Magglio and I have a unique one-sided bond in that I named him.
No, I didn't give him the name "Magglio" any more than I named his children Maggliana, Magglio Jr., or Sophia. I never would have named his children with those monikers. I mean, doesn't Sophia feel left out?
I also didn't craft the wildly inventive nickname "Maggs". I'm sure no one came up with that. Instead, every Stateside player immediately know how to shorten his name to scrub the foreignness right off him.
But bless Bud Selig. (And this will be the only time I say this in 2012, so feel free to use the color ink cartridge when printing this piece out, Bud. Or Bud's assistant that isn't scared of the electric voodoo box.) He pushed for uniforms to more accurately reflect players' names instead of the scrubbed versions around 2005-2006, meaning we started to see ñ, é, and other exotic letter modifications showing up on the backs of young men proud of their heritages.
I found myself with blogger friends in the absolute top row of the nosebleeds at Comerica Park for a Tigers game in 2006, so distant that I simply assumed the game was going on under us and that I hadn't accidentally turned to stare at Tiger Stadium for three hours. Therefore, the utter lack of game distraction led to plenty of recreational drinking and baseball-related chatter.
Staring at the backs of nearly every fan in the park, I noticed the mix of Maggs (ugh) jerseys, some sporting the new diacritical look and others from his first season with the club. I turned to my friends, fellow bloggers and baseball aficionados, and declared that I had the perfect nickname for Ordóñez.

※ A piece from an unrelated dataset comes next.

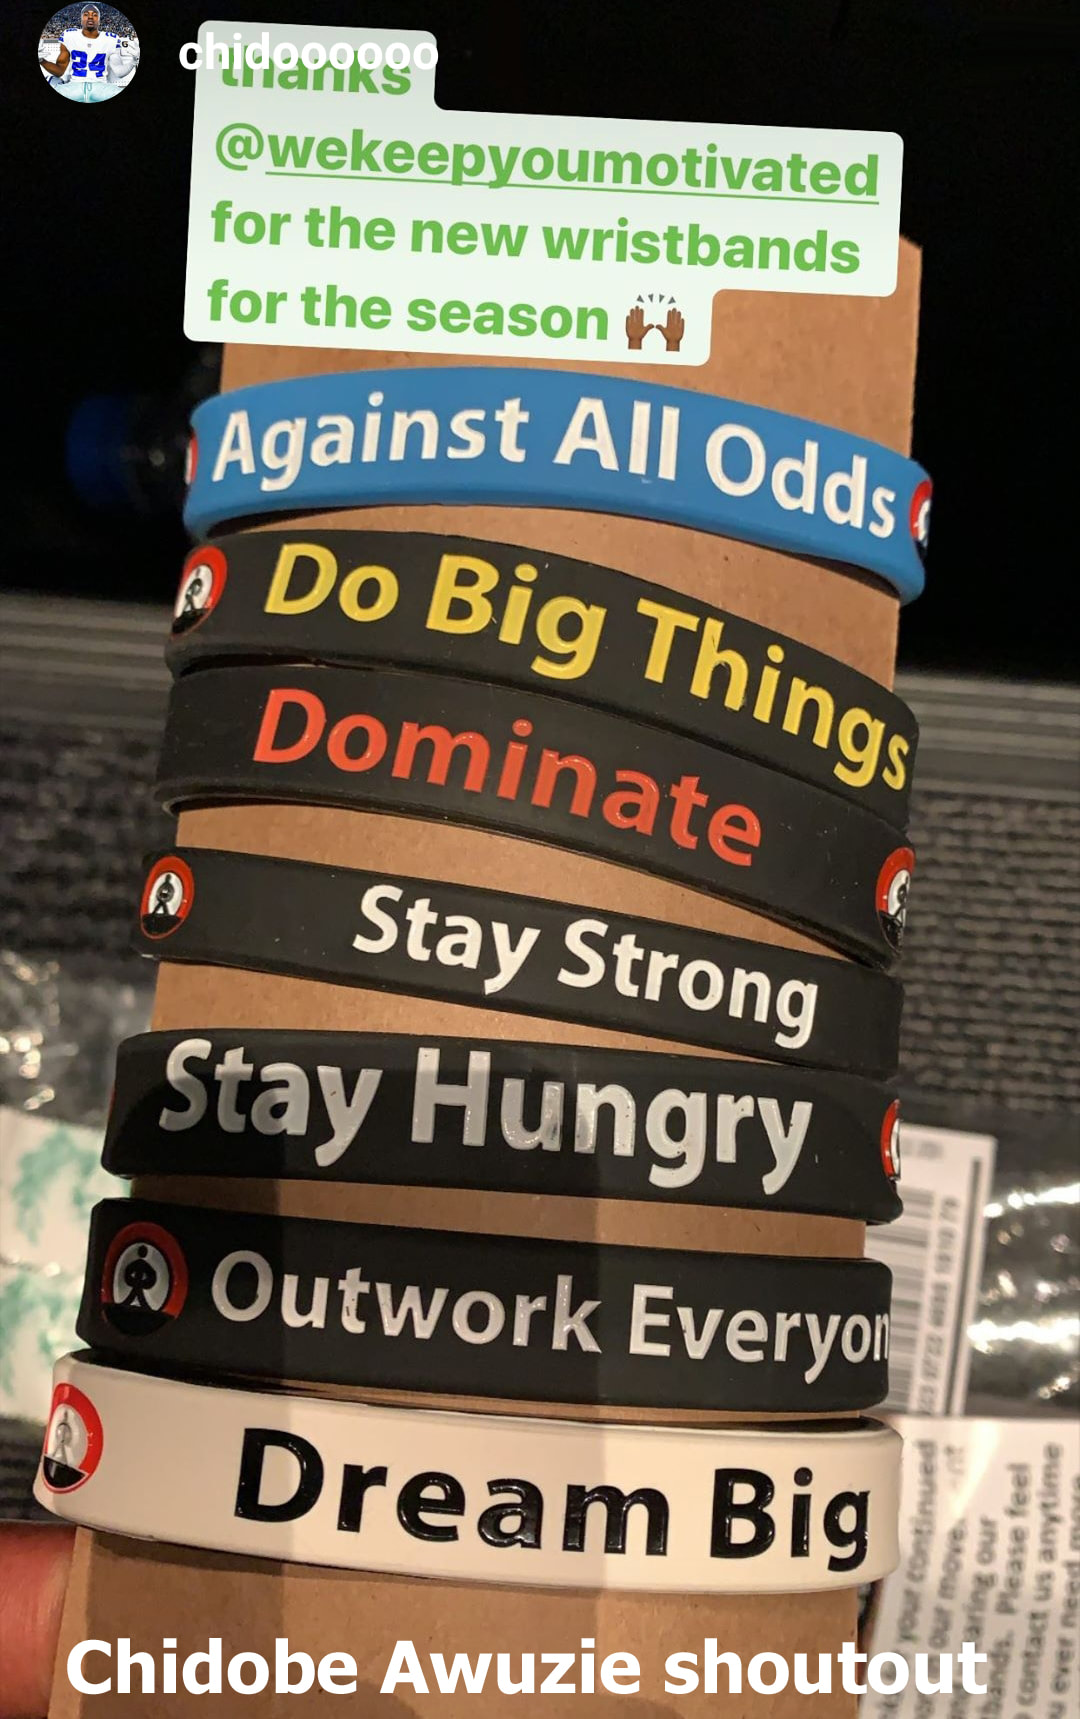 Daily Reminder Motivational Wristbands - Believe in Fairytales

(Aside: I have an incredibly annoying desire to bring ridiculous nicknames back to sports. This is why Tim Duncan will forever be known as The Merlin Wall in my home. It's okay; I asked him for permission.)
Magglio Ordóñez, I decreed, shall be called The Big Tilde forthwith. You see, I continued, he is big. And his jersey name now has a tilde in it. Or returned to it. You see. This is brilliant. I am very brilliant for having discovered this, probably because we are sitting in very thin air right now, making the $10 beer more effective.
Except my friends did not find my idea abhorrent. They bought in whole hog. We dragged that nickname back down 194 flights of stairs and back out into the world using our magic blogging powers. SBNation's own Matt Sussman, Chris Driver of Chris Driver fame, and I eventually started a blog all about The Big Tilde, extolling his legend and using our powers for mostly good to cover the Tigers via WordPress for two years.
Matt documented the time Jason Grilli's dad brought the thunder down on Sussman himself. I called out the time Carlos Quentin stole a home run from The Big Tilde while pointing at my crotch. Chris wrote poetry.
The site petered out eventually, as do all goofs brought to scale. We slipped the nickname into the blogging lexicon on Deadspin, SportsByBROOKS, and MLB's own web site, mostly because some of us worked for the former sites. We shared our joy in watching Ordóñez play and in the tiny cult we pulled together around our Tildenterpretation. And then we were done. And now he is done. And I will miss both.
Coda: on an early April Fox Saturday baseball broadcast in 2008, this happened:
I firmly believe a Fox Sports intern saw the nickname notation in Wikipedia and mindlessly dumped it into the Chryon. Therefore, I don't recommend you rush out to buy The Big Tilde a gold watch for his retirement party. I'm not sure that's true, either.